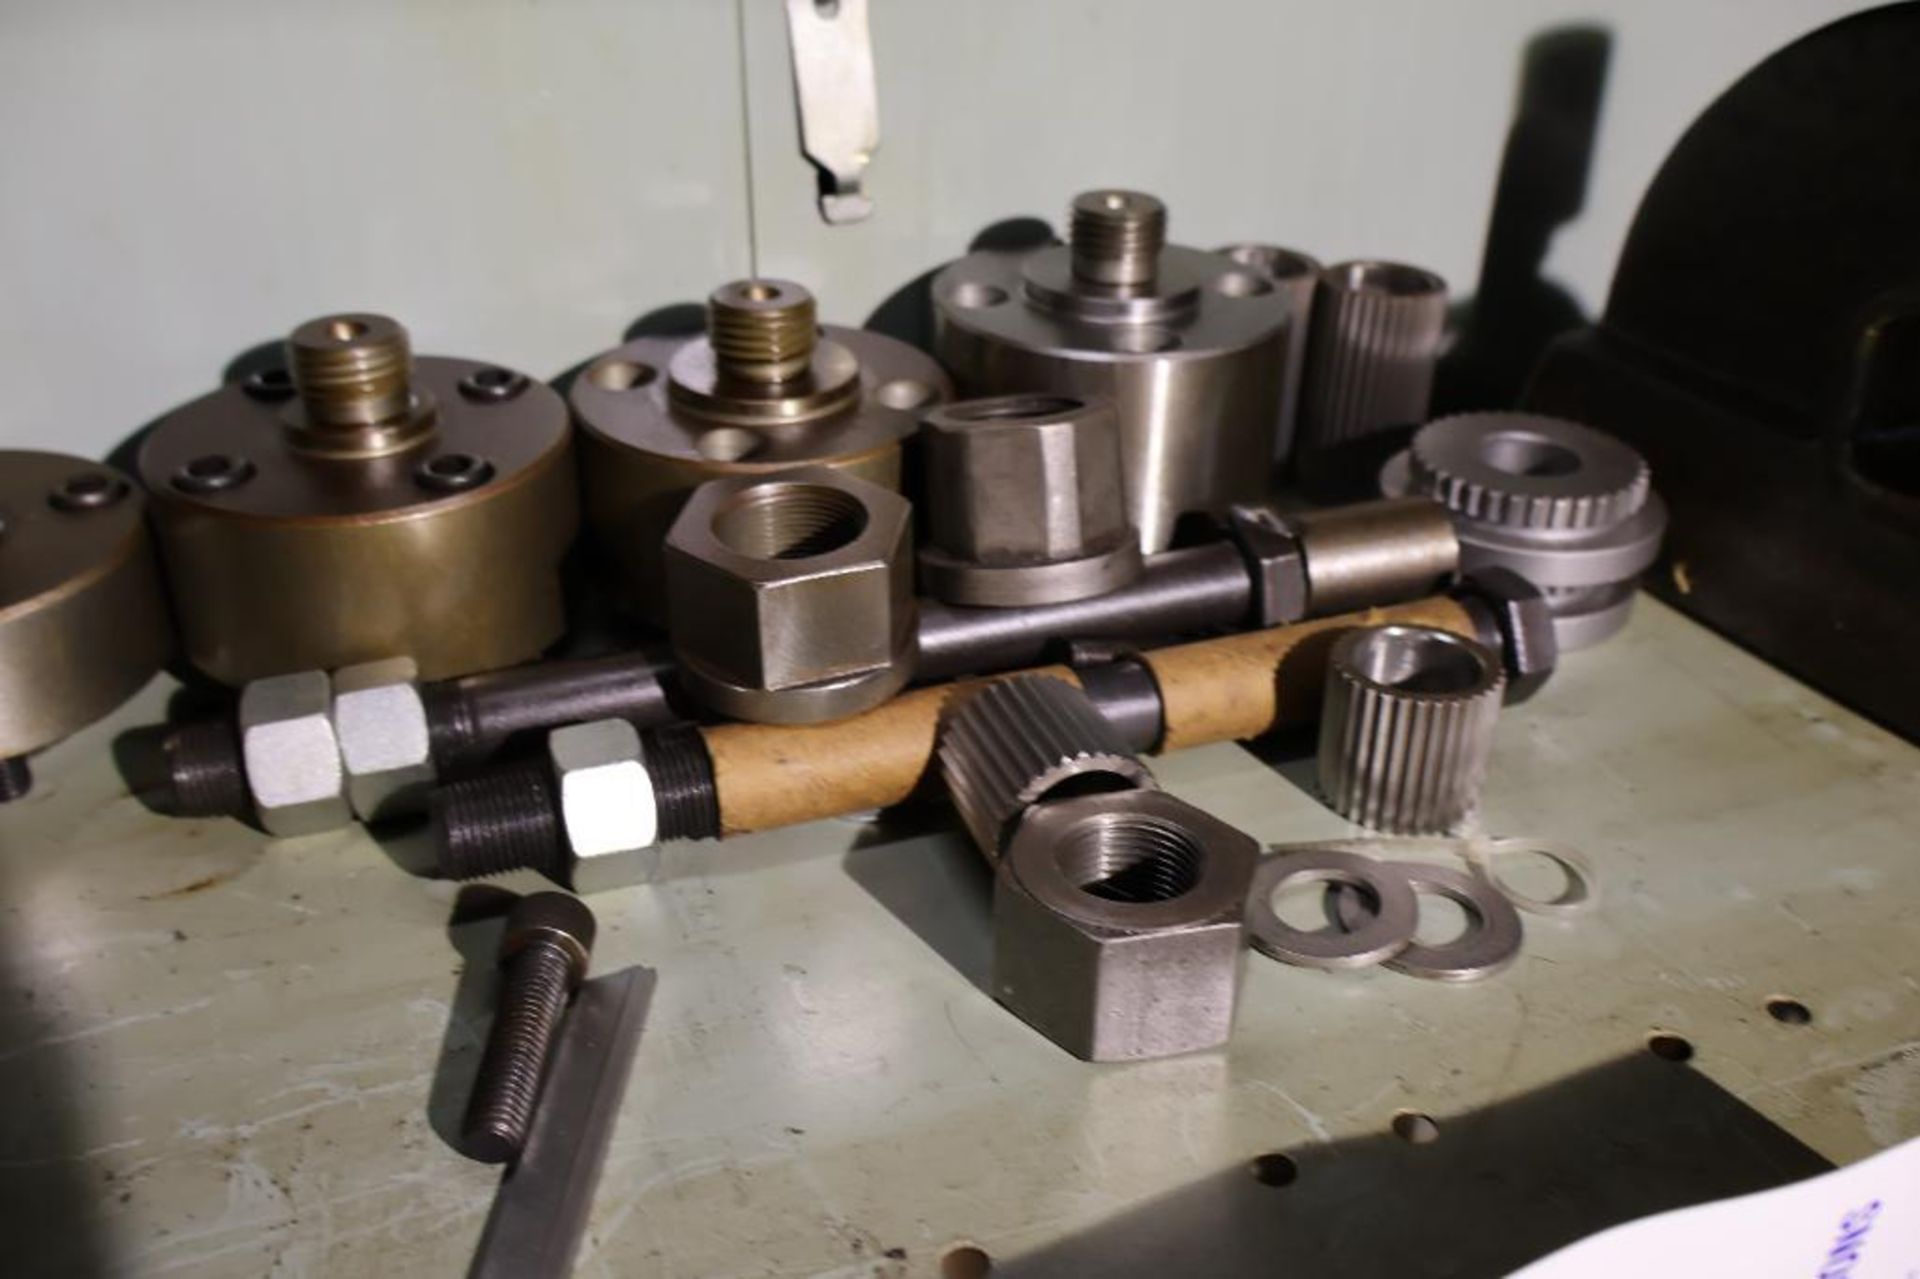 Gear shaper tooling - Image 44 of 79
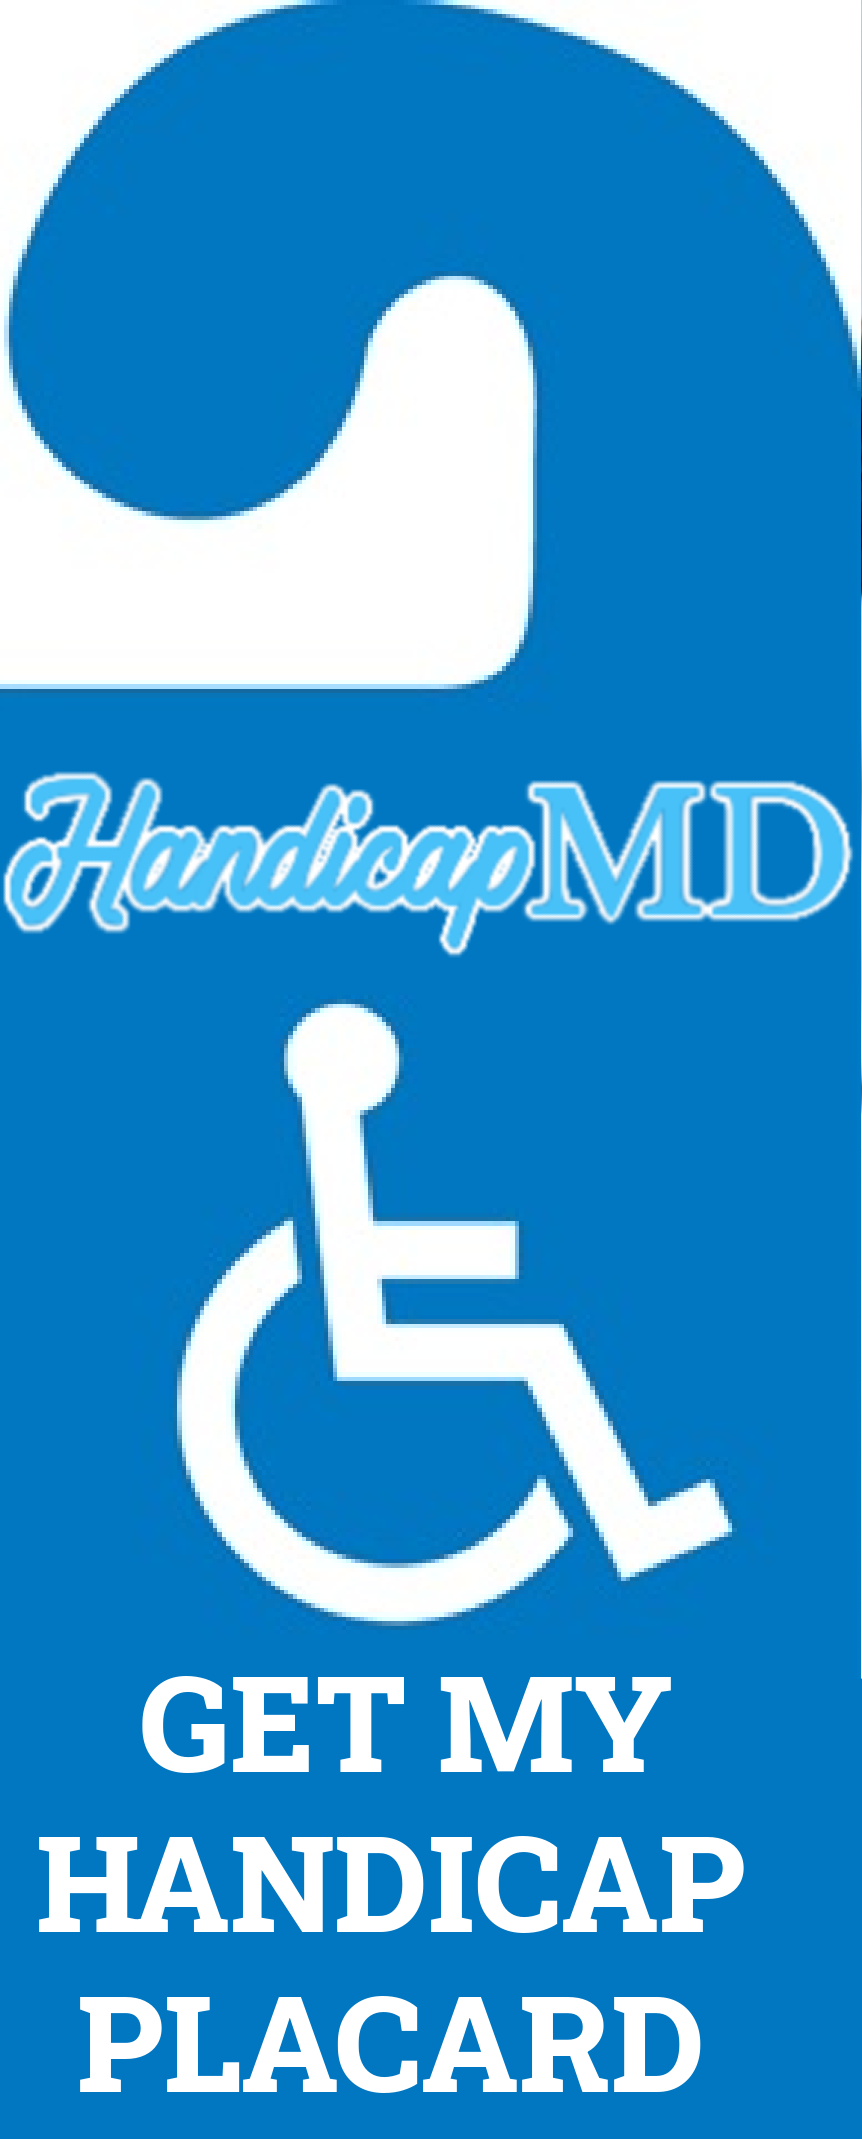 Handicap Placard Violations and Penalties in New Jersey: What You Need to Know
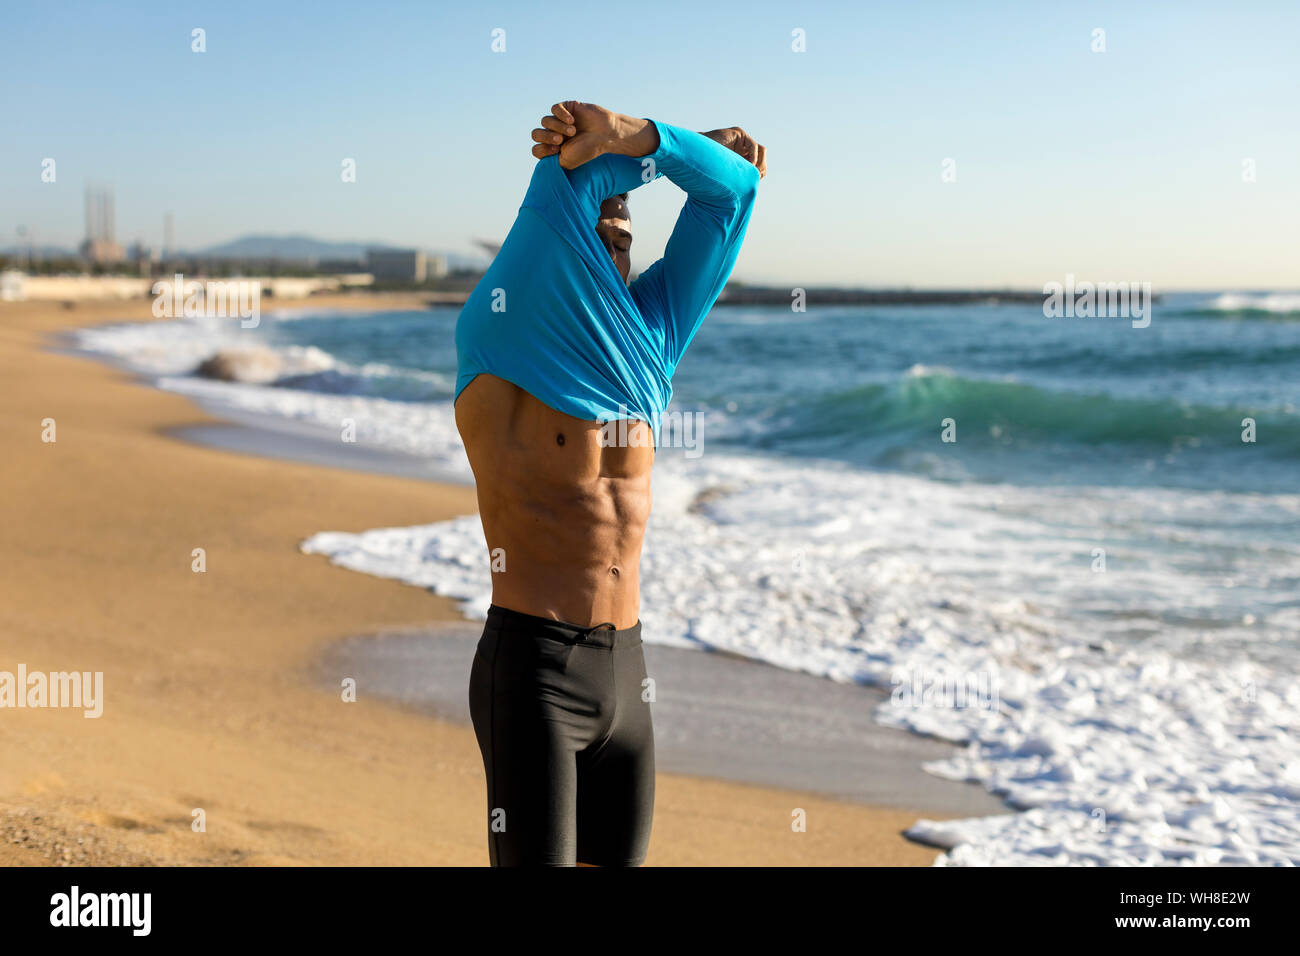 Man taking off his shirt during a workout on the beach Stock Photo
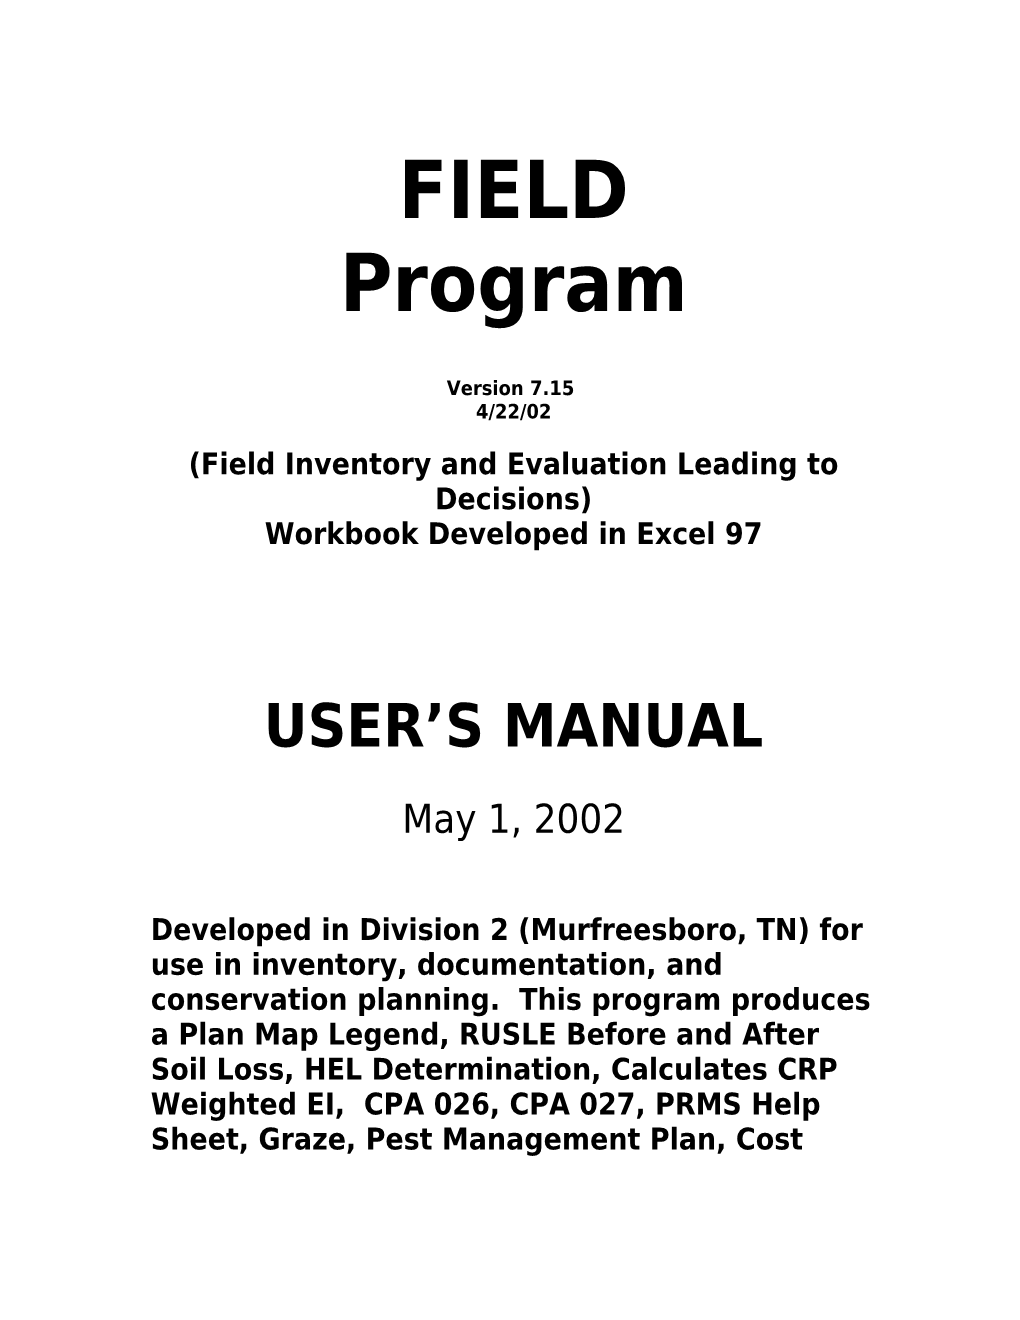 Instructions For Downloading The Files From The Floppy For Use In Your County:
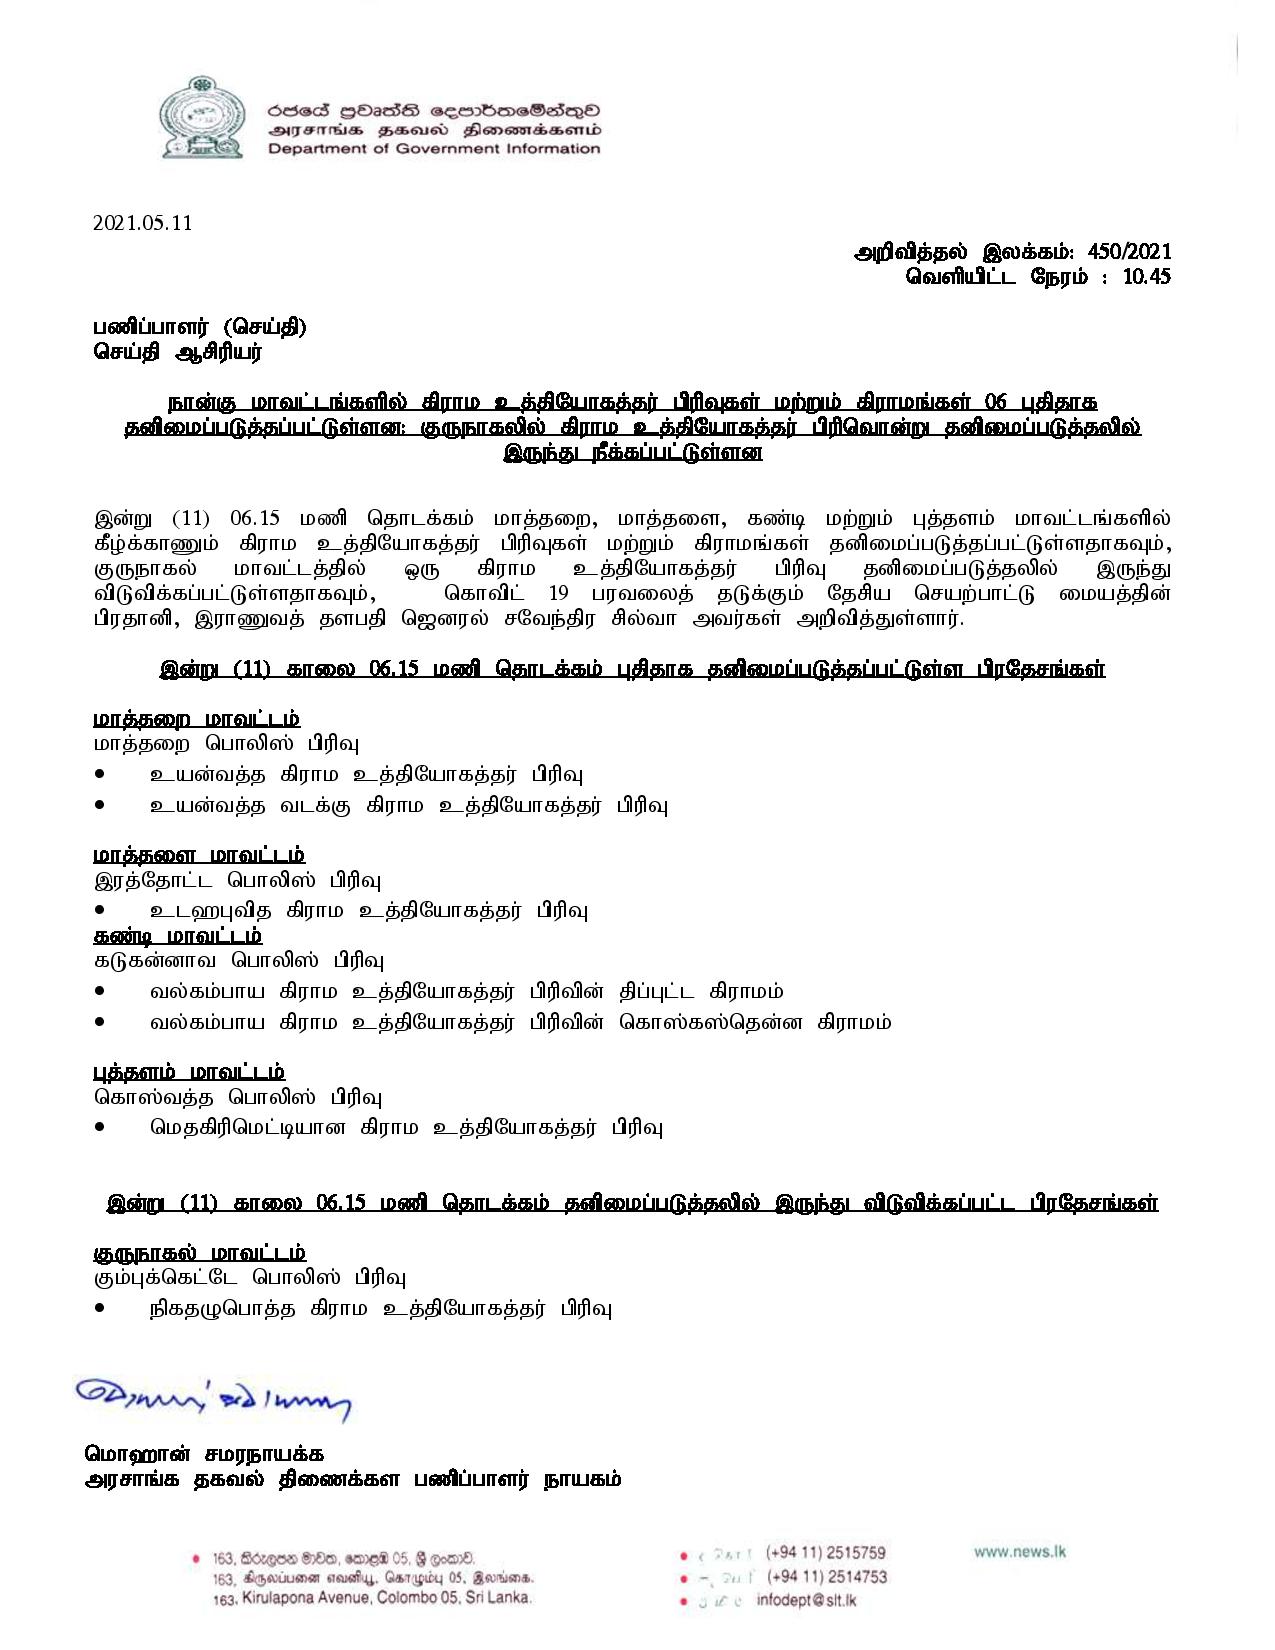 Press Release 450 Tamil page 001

----

* Directions for this task: Make an exact copy of the records shown above, without the pictures.

* Exercise solution:
 Gear shaper tooling - Image 44 of 79
 Handicap Placard Violations and Penalties in New Jersey: What You Need to Know
 Man taking off his shirt during a workout on the beach Stock Photo
 Instructions For Downloading The Files From The Floppy For Use In Your County:
 Press Release 450 Tamil page 001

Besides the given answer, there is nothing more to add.